REQUIRED ACTION
All entries below must be output word for word, and the pictures left behind.

◇ ◇ ◇

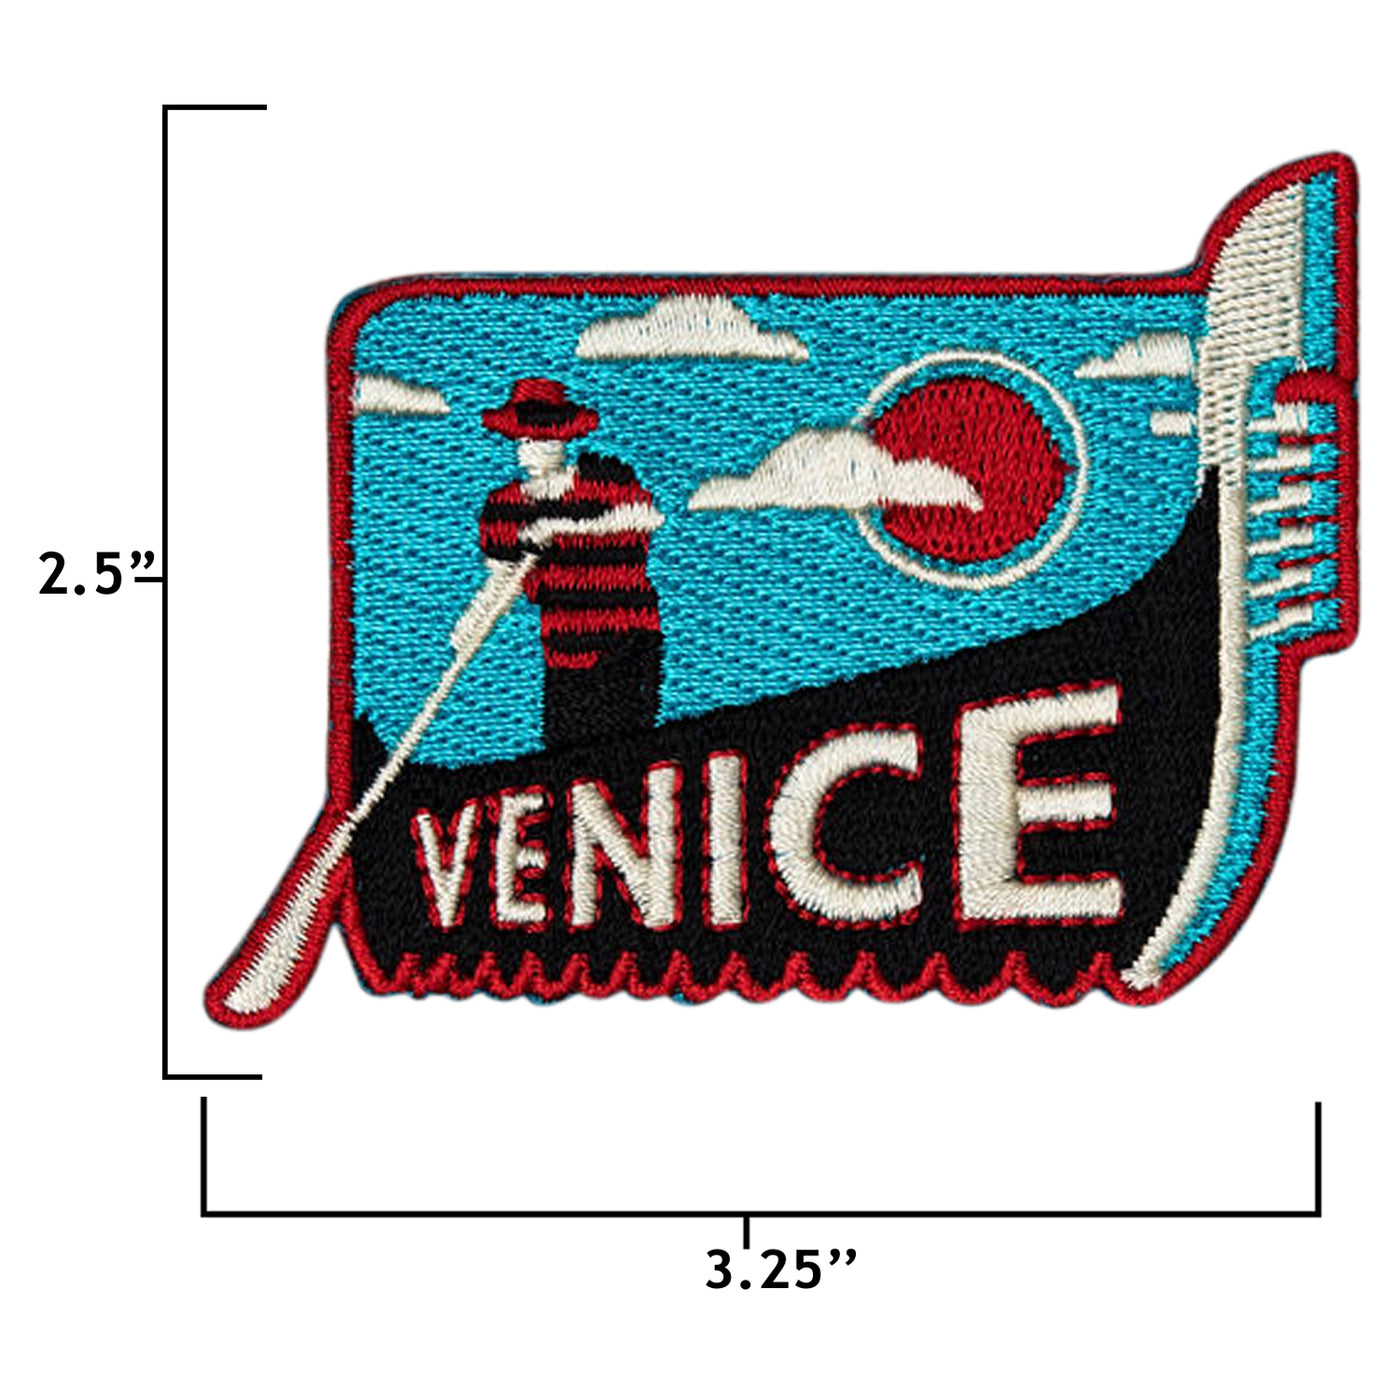 Venice Italy Hook Patch
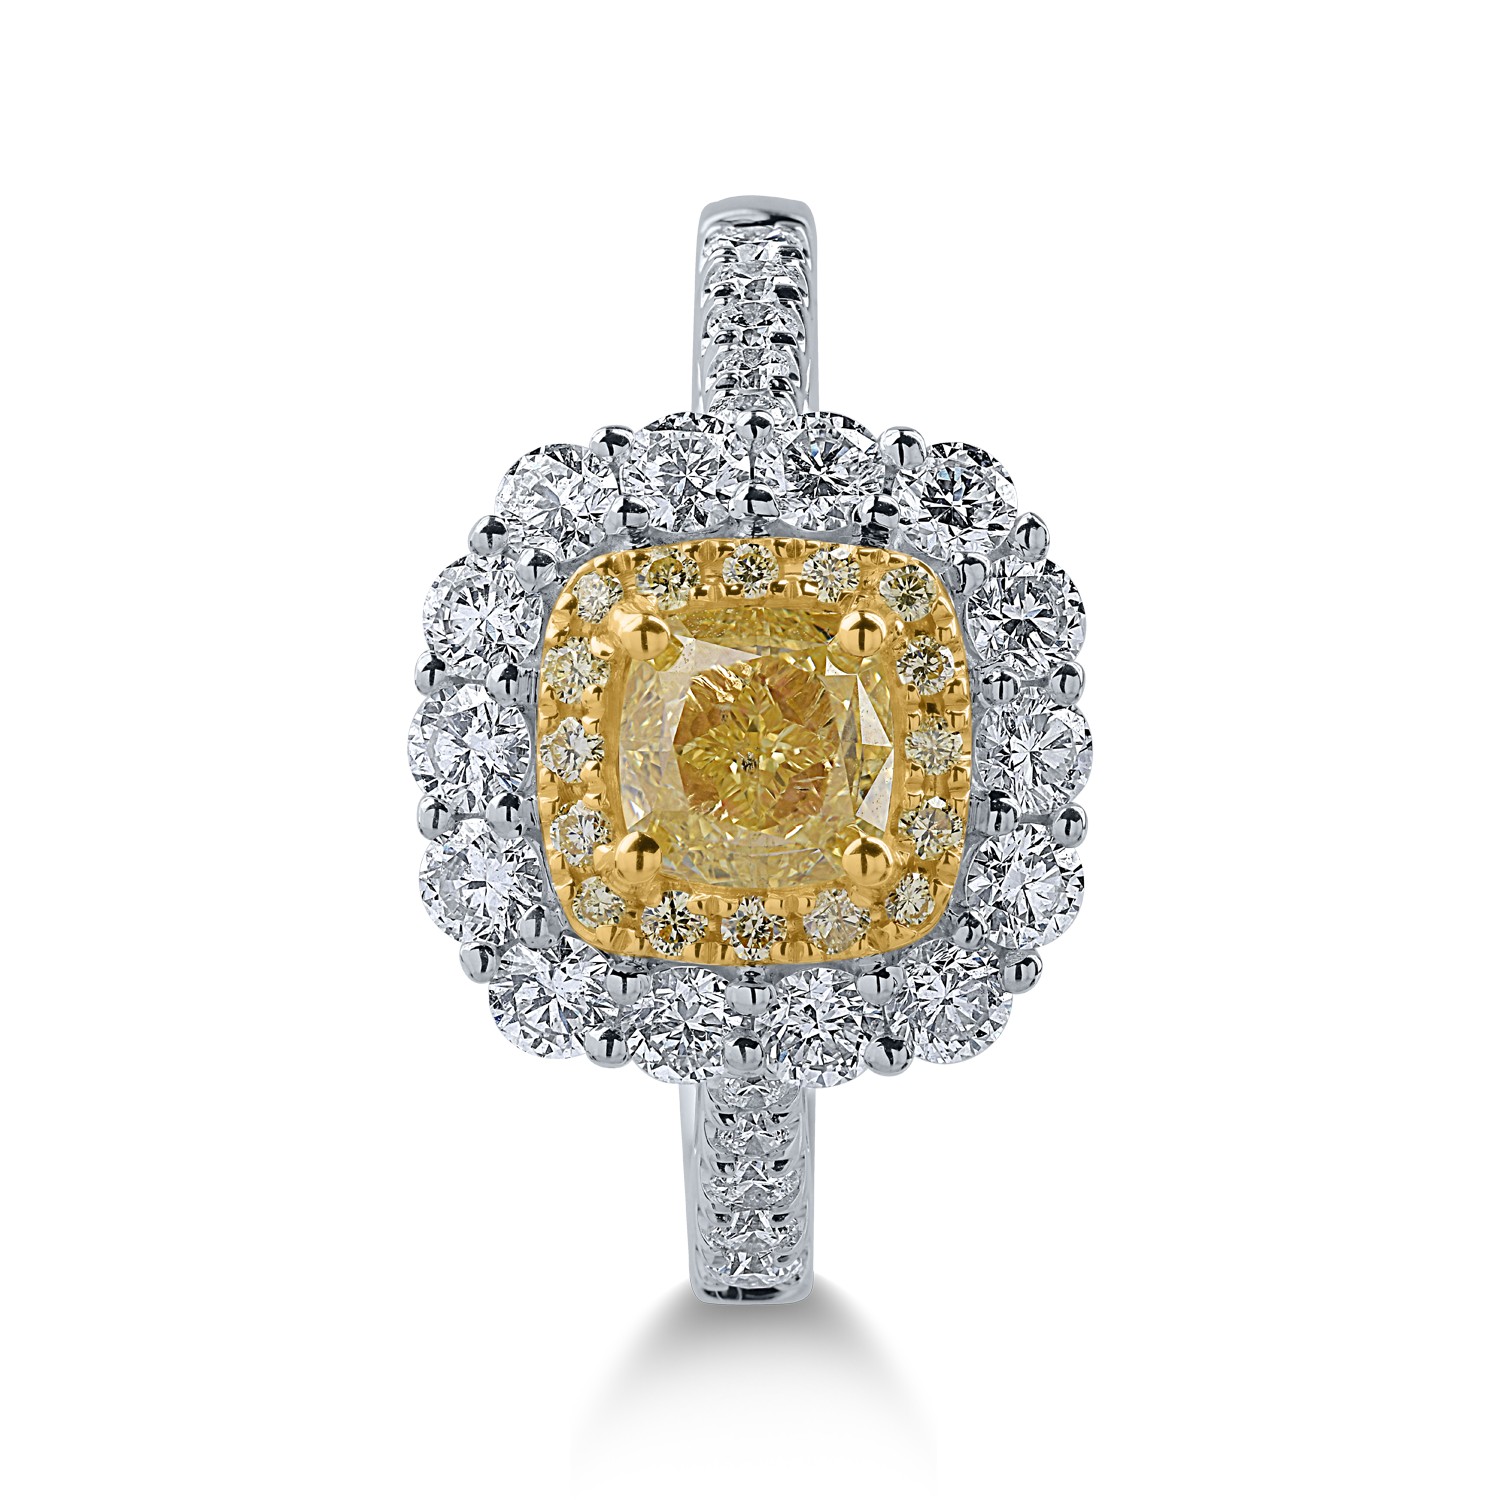 Pierścionek z biało-żółtego złota z żółtymi diamentami o masie 1.12ct i przezroczystymi diamentami o masie 0.88ct
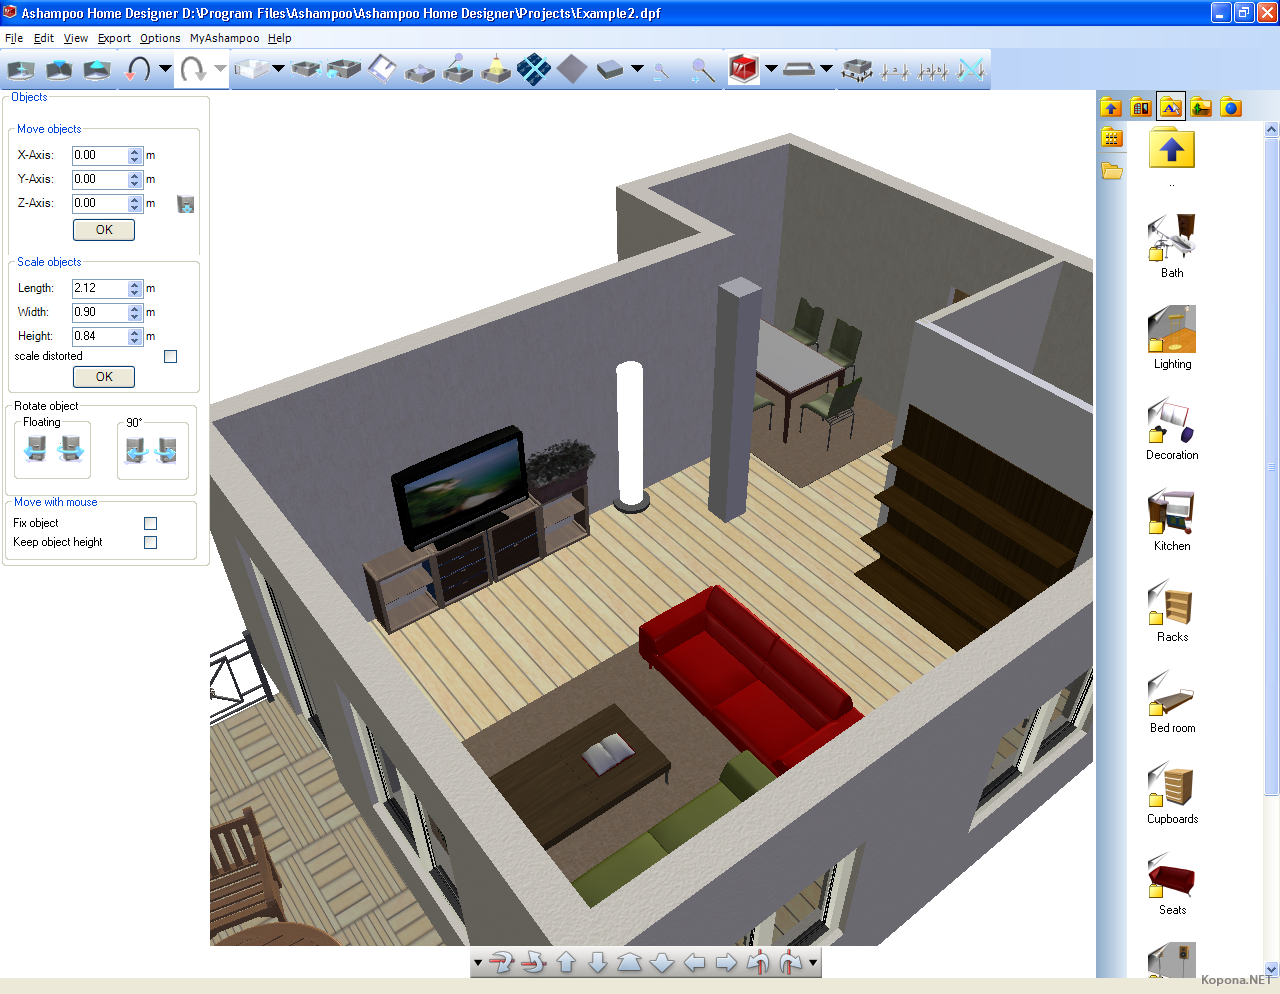 Ashampoo Home Designer Pro 2 проекты. 3d программа расстановки мебели. Спроектировать расстановку мебели. Программа для 3д расстановки мебели. Программа для дизайна интерьера на андроид
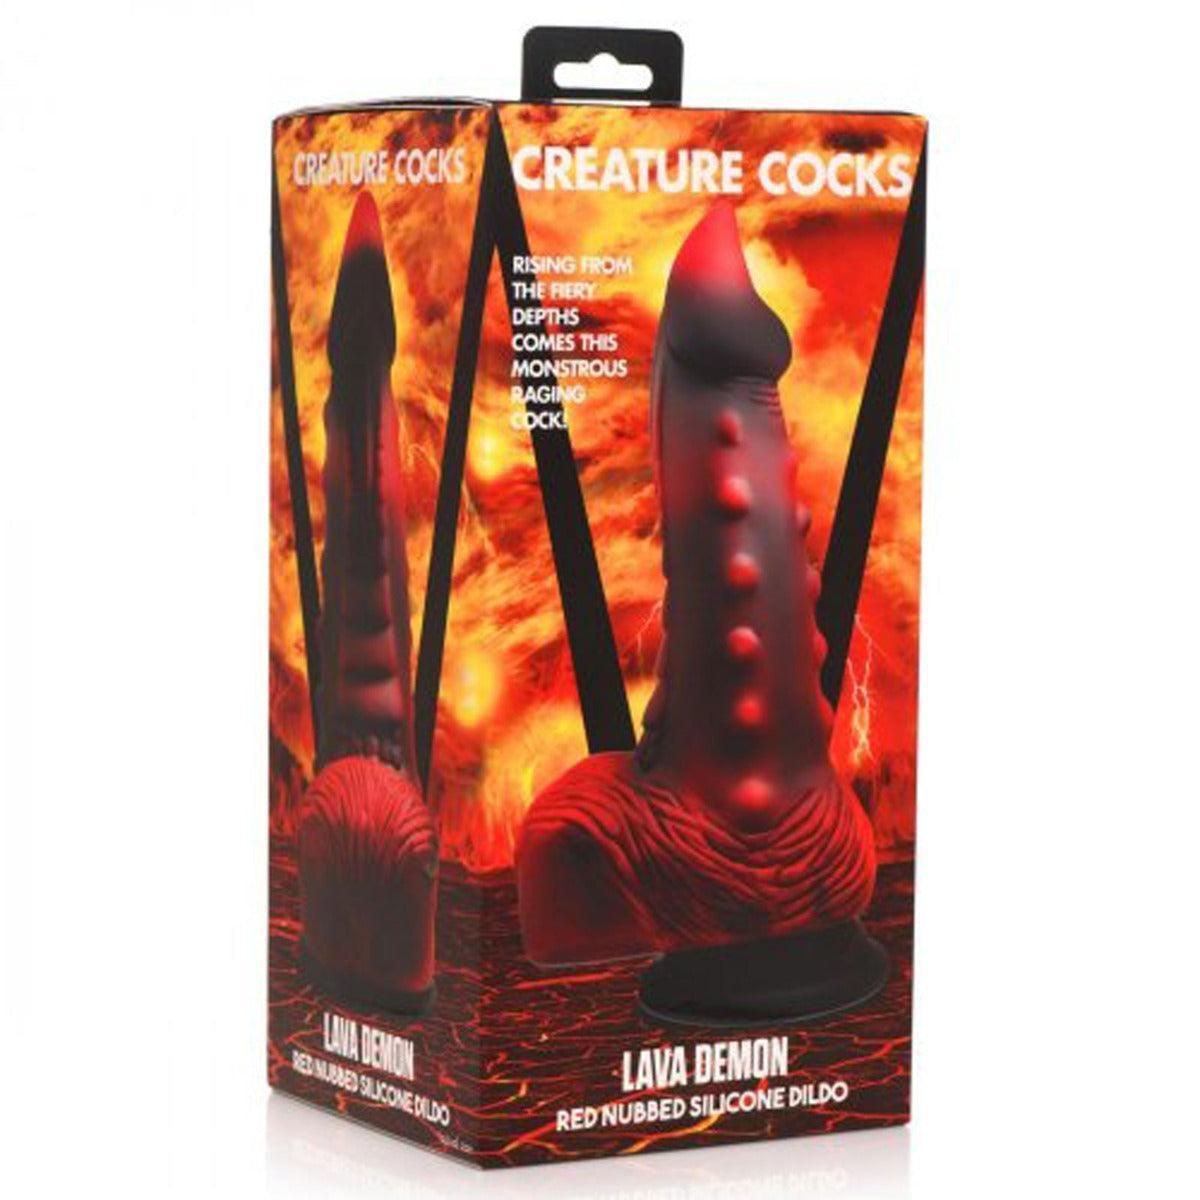 Creature Cocks Lava Demon Thick Nubbed Red and Black Silicone Dildo
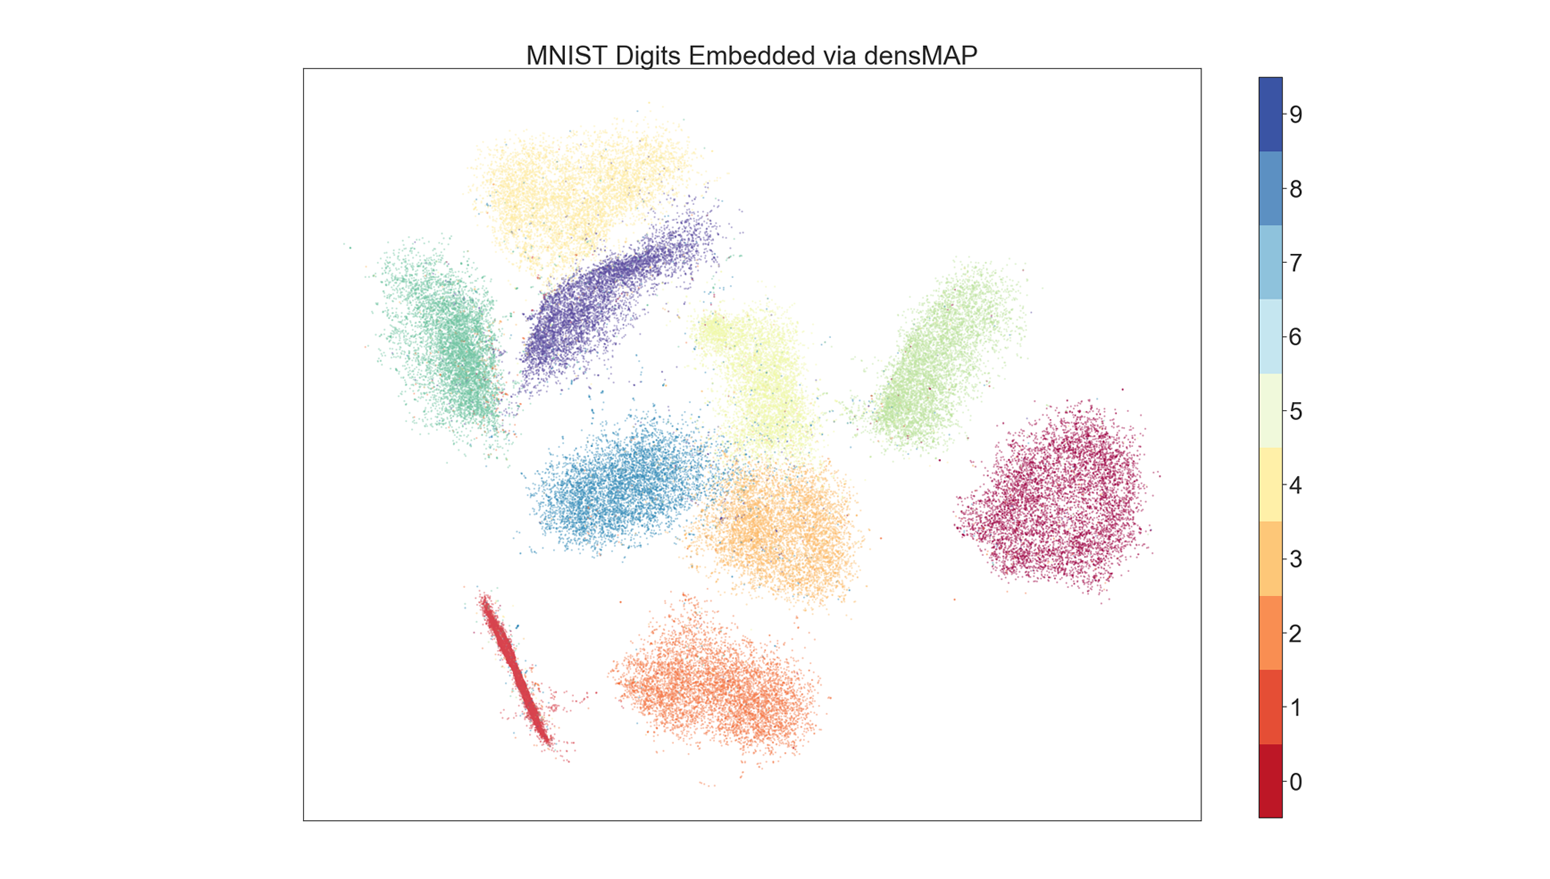 densMAP embedding of the MNIST dataset

◇ ◇ ◇

REPLY
 Venice Italy Hook Patch
 Pierścionek z biało-żółtego złota z żółtymi diamentami o masie 1.12ct i przezroczystymi diamentami o masie 0.88ct
 Ashampoo Home Designer Pro 2 проекты. 3d программа расстановки мебели. Спроектировать расстановку мебели. Программа для 3д расстановки мебели. Программа для дизайна интерьера на андроид
 Creature Cocks Lava Demon Thick Nubbed Red and Black Silicone Dildo
 densMAP embedding of the MNIST dataset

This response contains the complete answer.